DATA PROVIDED:
◆ ◆ ◆ ◆ ◆

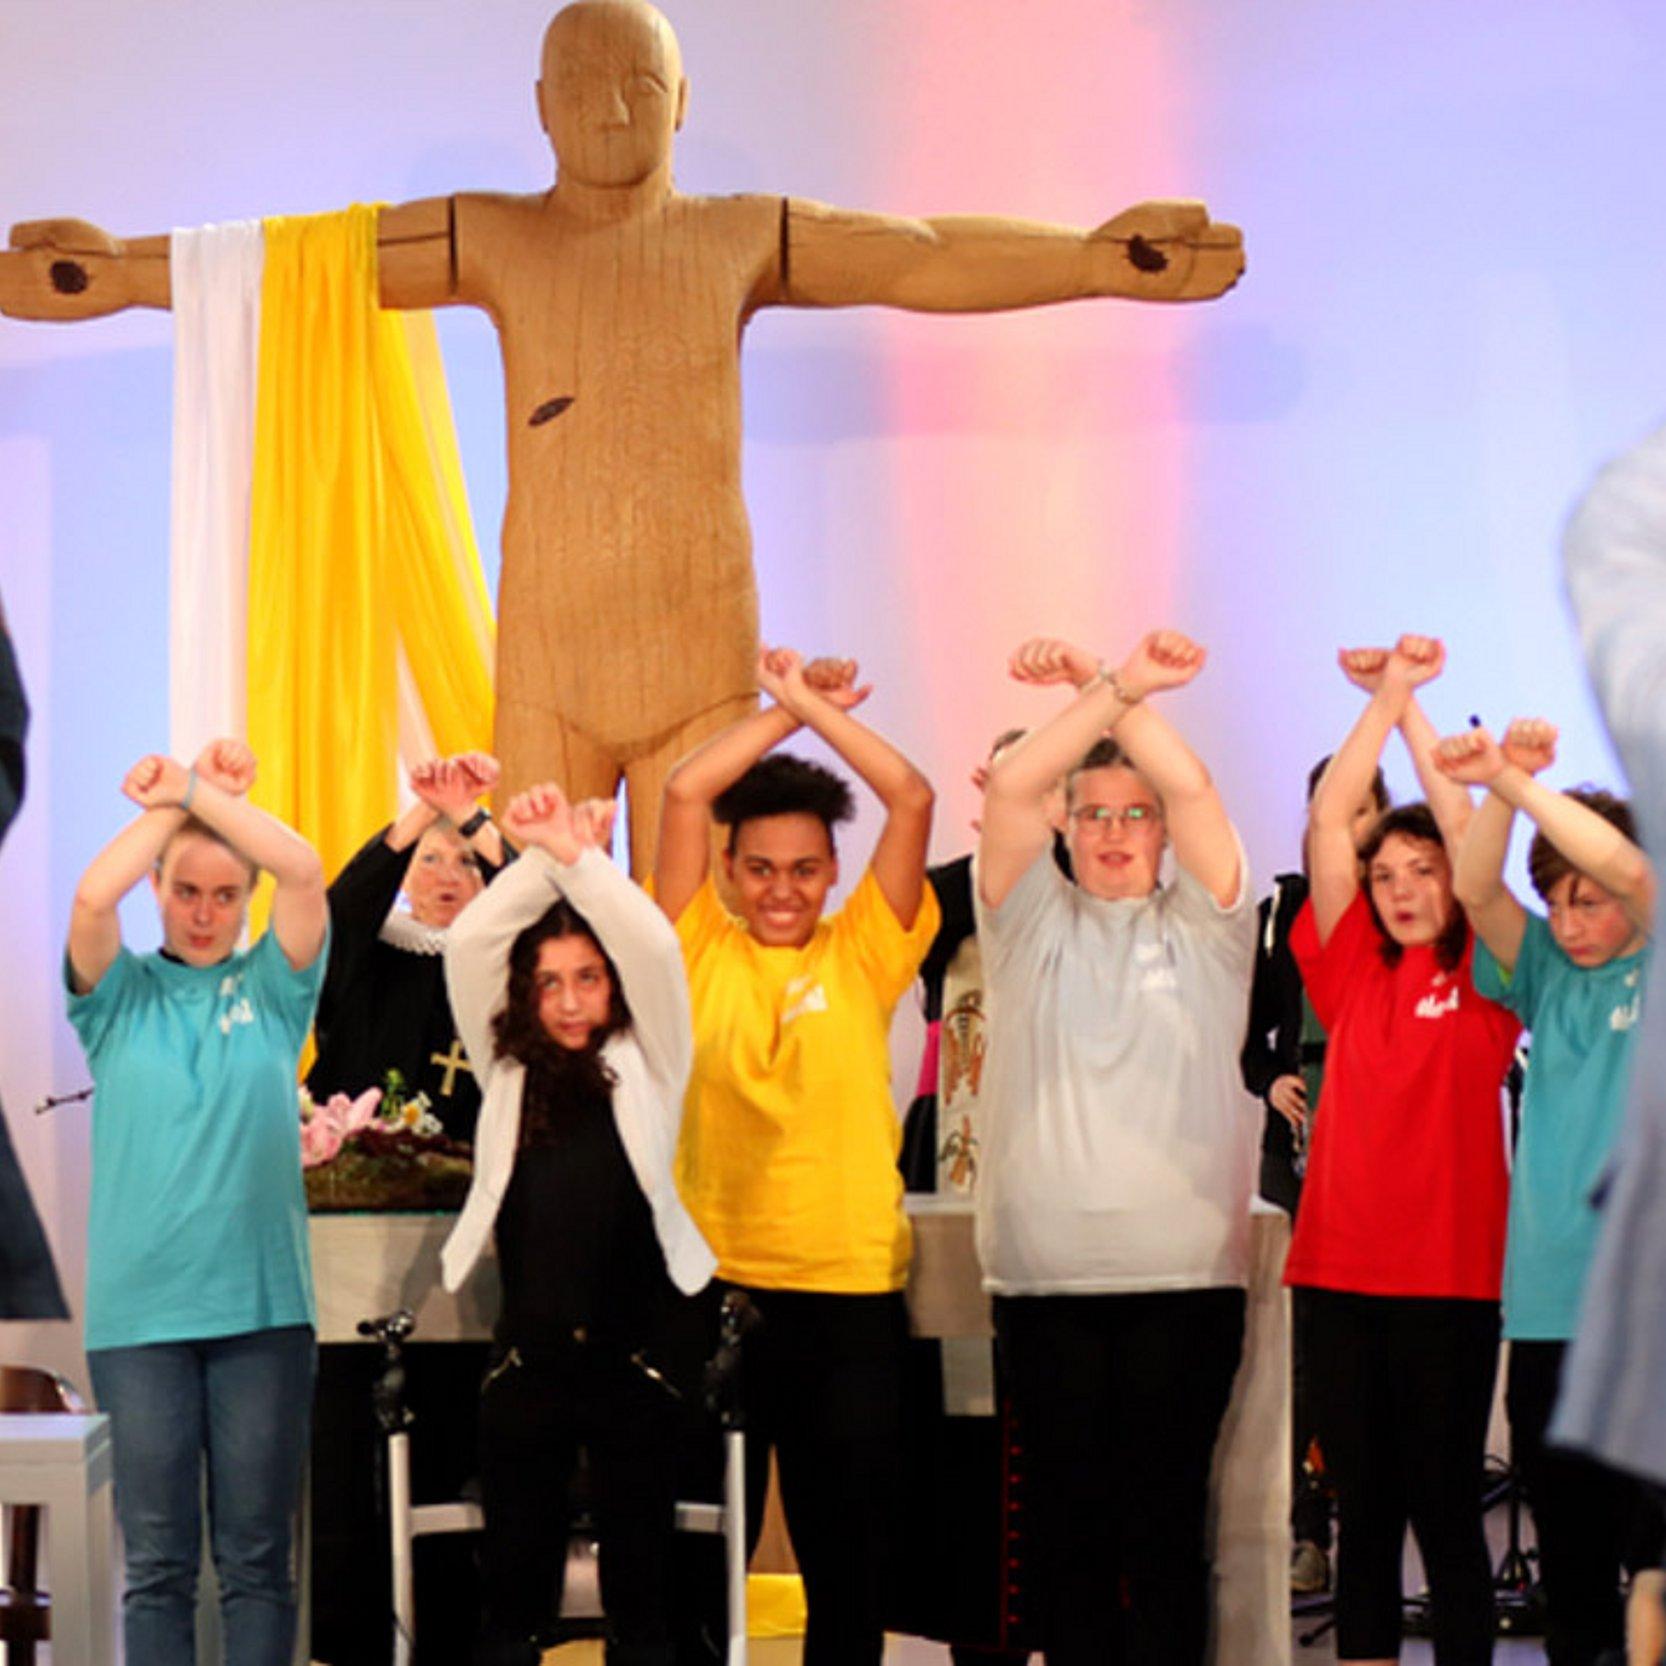 Junge Leute heben die Arme in die Höhe, dahinter eine große, hölzerne Jeusus-Statue
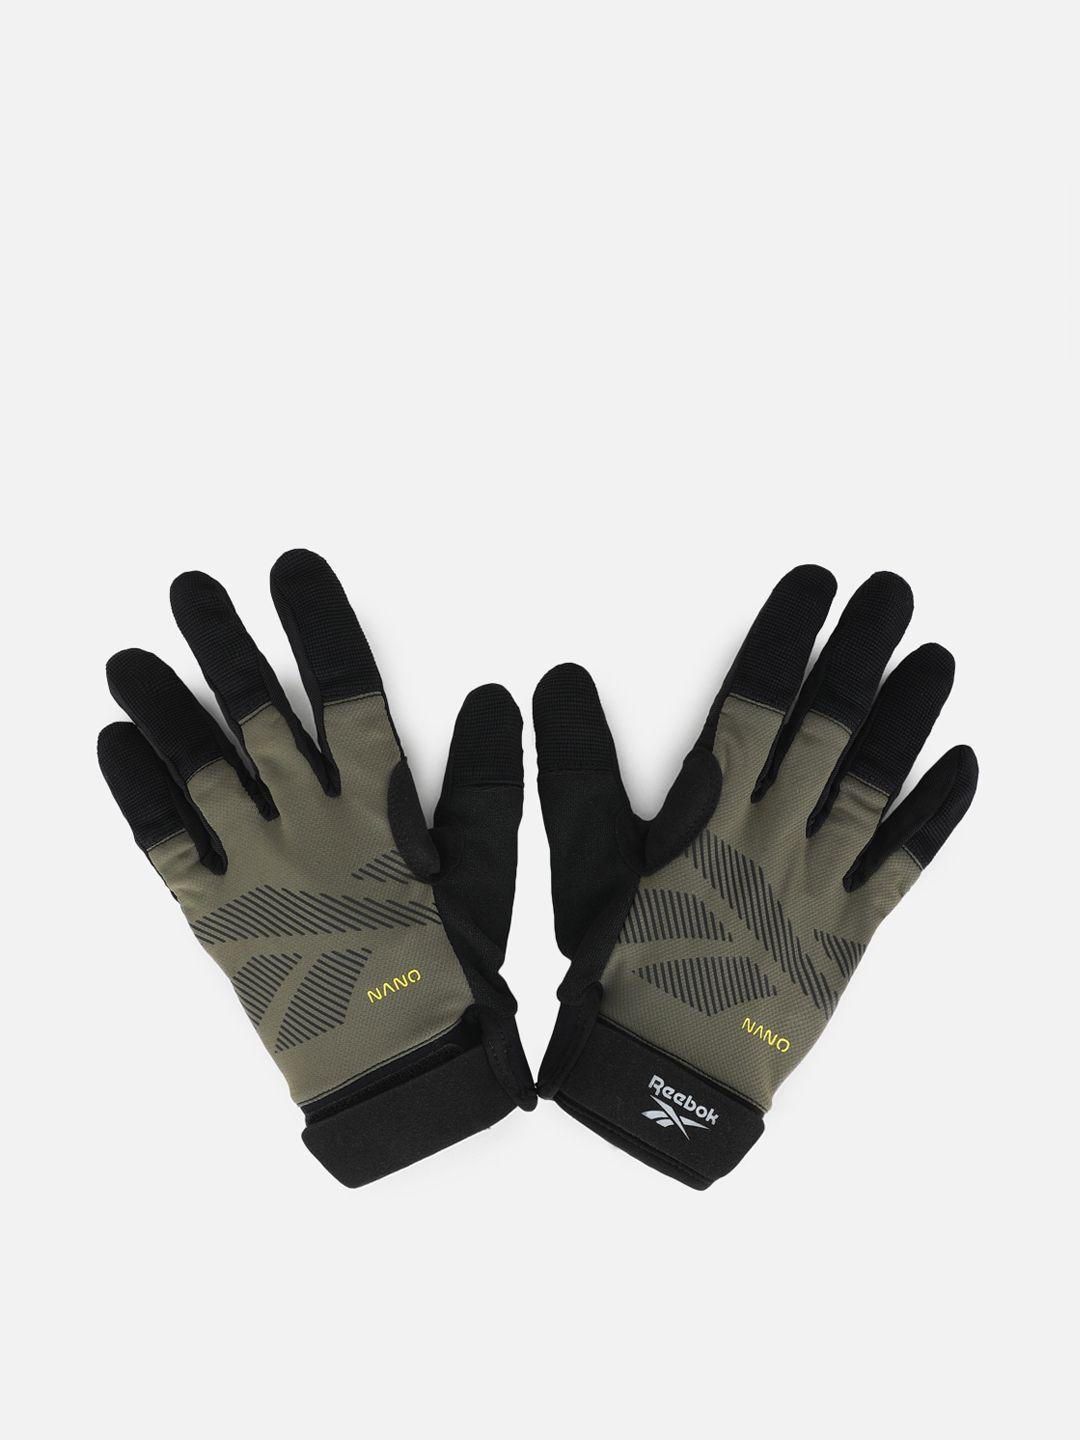 reebok-men-ubf-athlete-series-logo-printed-gloves
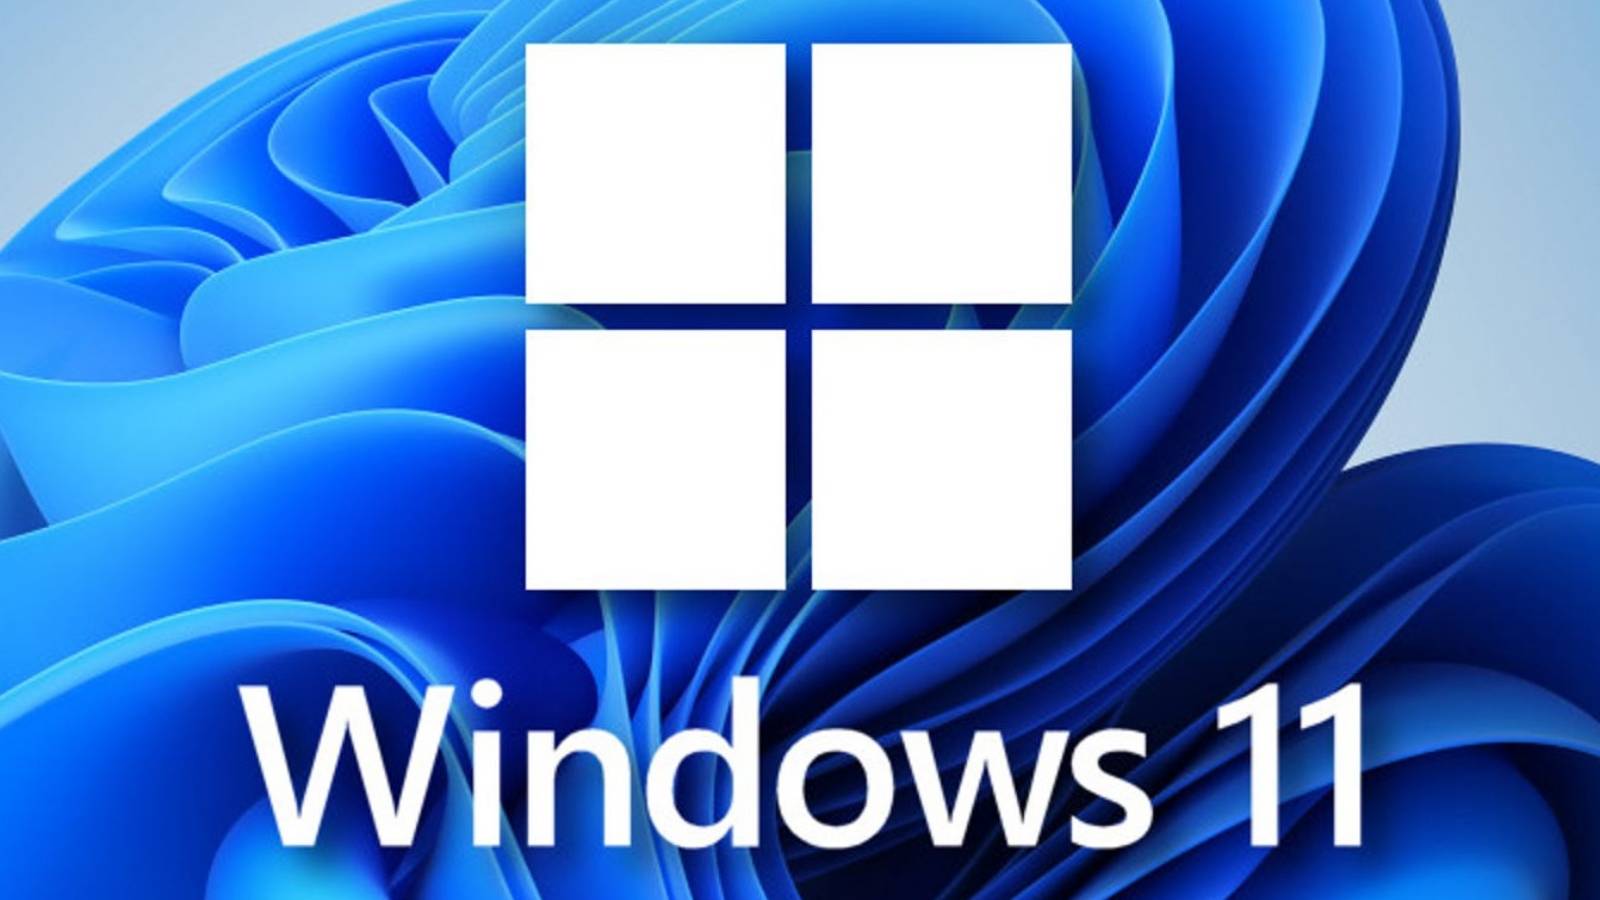 Microsoft wprowadza serię nowych zmian w systemie Windows 11 na całym świecie

◆ ◆ ◆ ◆ ◆

ACTION ITEM: Leave the pictures out and copy the rest of the data exactly.

EXERCISE RESULT:
 Junge Leute heben die Arme in die Höhe, dahinter eine große, hölzerne Jeusus-Statue
 reebok-men-ubf-athlete-series-logo-printed-gloves
 Microsoft wprowadza serię nowych zmian w systemie Windows 11 na całym świecie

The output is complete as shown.